Saturday, October 1, 2011

Peanut Butter and Honey Crispie Treats

I can’t believe it’s already Fall! Autumn and Winter are my two favorite seasons. It’s something about the crunchy leaves, the crisp and cool air, and of course the awesome flavors and smells. I’ve noticed that any candle that pertains to Fall or Winter always have the best scents. I know that Autumn officially started on the 23rd of September, but I have this rule for myself, well…more like a feeling really, Fall does not start when the calendar says it starts. To me, Fall begins the first day of October. September is that limbo month to me, it doesn’t know what season it’s supposed to be in, so it stands in a corner watching all of the other months play in the sprinklers or fallen leaves. I have the same feeling with Winter; Winter starts on December 1st, not the 21st or whatever.

Because of my quirky season rule, I refuse to make anything with pumpkin before the first of October, so while other bloggers are posting pumpkin cream cheese muffins, pumpkin bars and pumpkin who knows what else, I am giving you this little crispie bar treat.

These are not your typical rice crispie treats though. Instead of butter and marshmallows, I made them with peanut butter and honey. I really like that flavor combination. I remember in elementary school my mom would make me peanut butter and honey sandwiches because I didn’t like jelly. I don’t know what I was thinking because if I could only have one thing for the rest of my life, it would be PB&GJs. But back to peanut butter and honey crispie treats. The moment I took a bite out of this bar, I immediately tasted the honey. And I don’t mean in a cloyingly sweet kind of way, it was a subtle sweet. Then, the peanuttyness of the peanut butter slowly crept up. Again, it wasn’t an overpowering flavor, there was just enough peanut butter to satisfy my taste buds.

The entire thing takes just minutes to make and put into the pan. I do however, highly recommend keeping the bars, once cut, in the fridge, because as they sit out a room temperature, they start to fall apart, not that they don’t taste good that way either, it’s just something to point out if you want to have a bar and not a crumble.

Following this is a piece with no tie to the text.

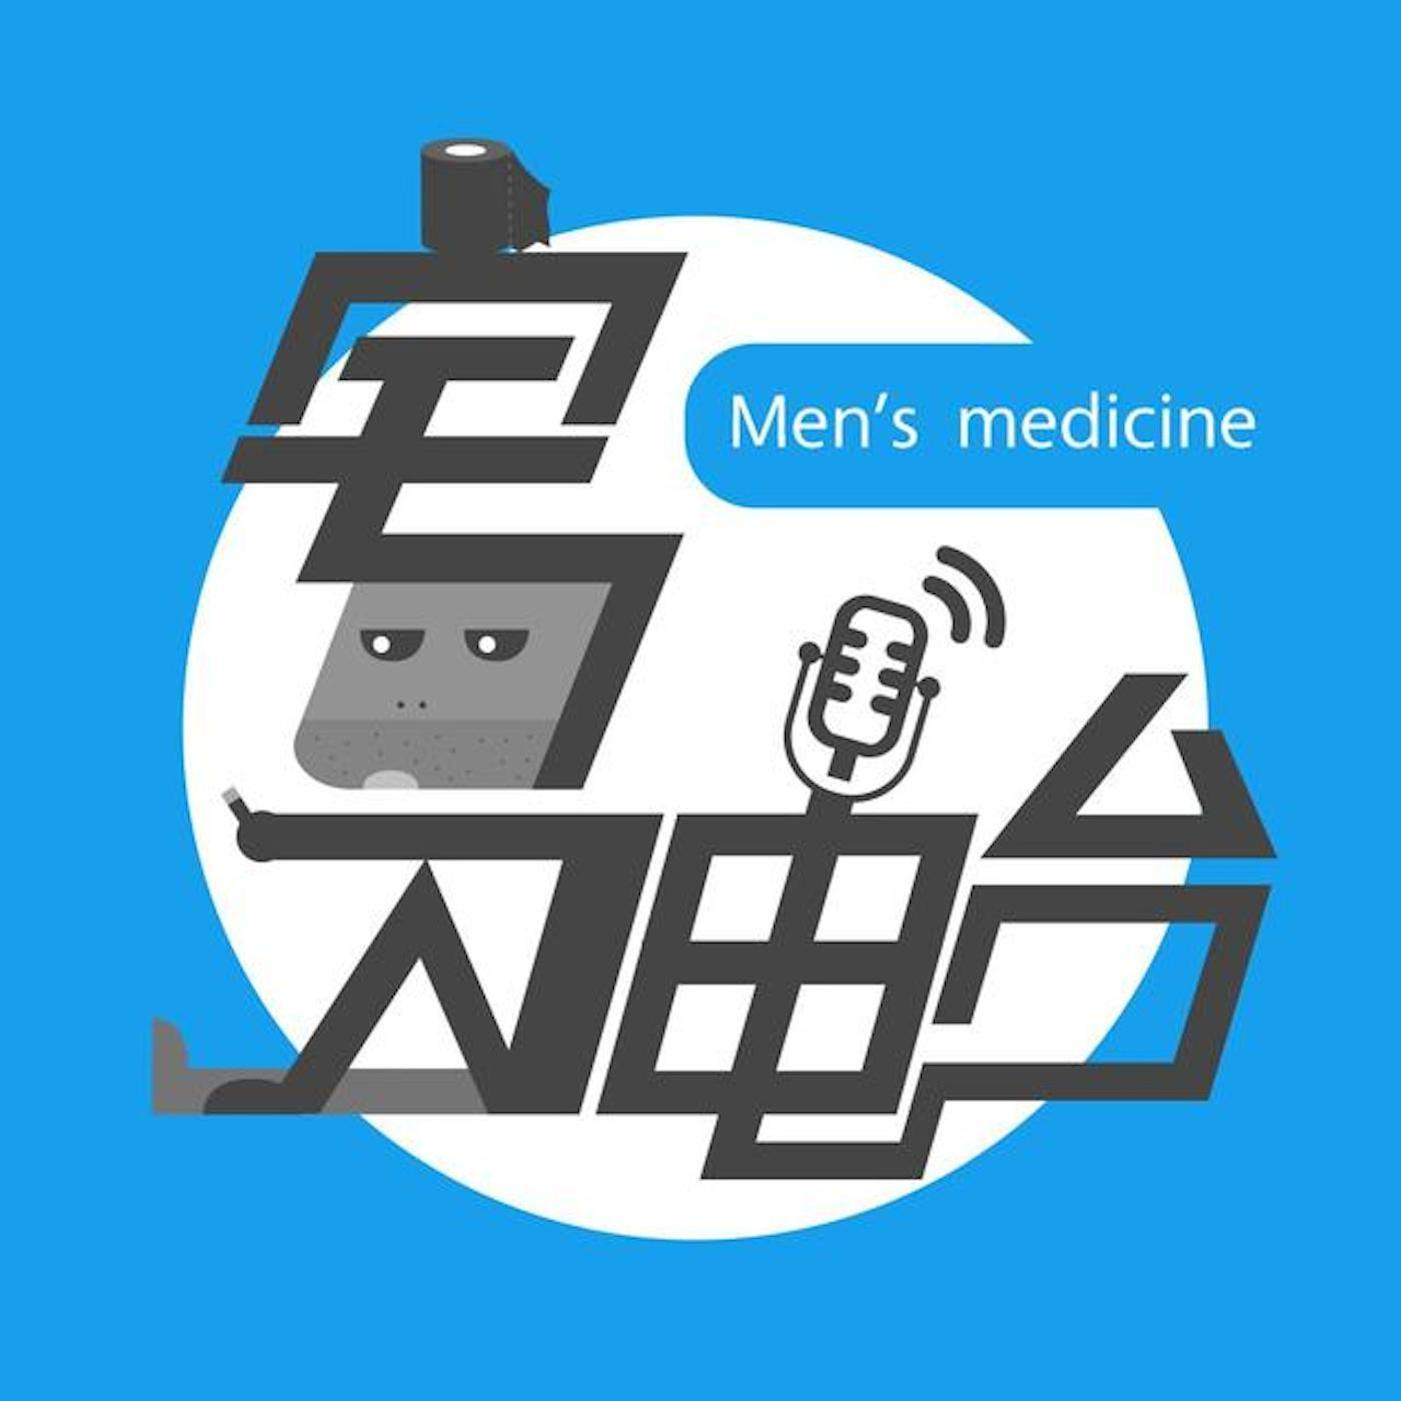 <![CDATA[宅男电台 Men's medicine]]>

Peanut Butter and Honey Crispie Treats
adampted from Ellie Krieger

¼ cup honey
¼ cup creamy (or chunky) peanut butter)
3 cups honey puff rice cereal


  1. Grease a 9 inch by 9 inch square baking pan.
  2. Over medium-low heat, heat up a medium-sized pot. Pour the honey and peanut butter in once the pot has warmed up. Stir the two ingredients together until the peanut butter has completely melted. Nest, add in the honey puffed rice cereal and stir until all of the cereal is coated in the honey and peanut butter mixture.
  3. While still warm, dump the mixture into the greased pan, spreading all of the coated rice cereal bits out and into the corners. Make sure to press down hard for the cereal the compact together. Place in the fridge for at least 30 minutes for the cereal treats to harden. After 30 minutes, feel free to cut the crispie treat into your desired shapes and sizes. After cutting them, wrap the treats in plastic wrap and place in the fridge for at least another two hours, if you want a solid crispie treat. I found that after being in the fridge over night, the crispie treats didn’t fall apart as much the next day after sitting at room temperature for a while.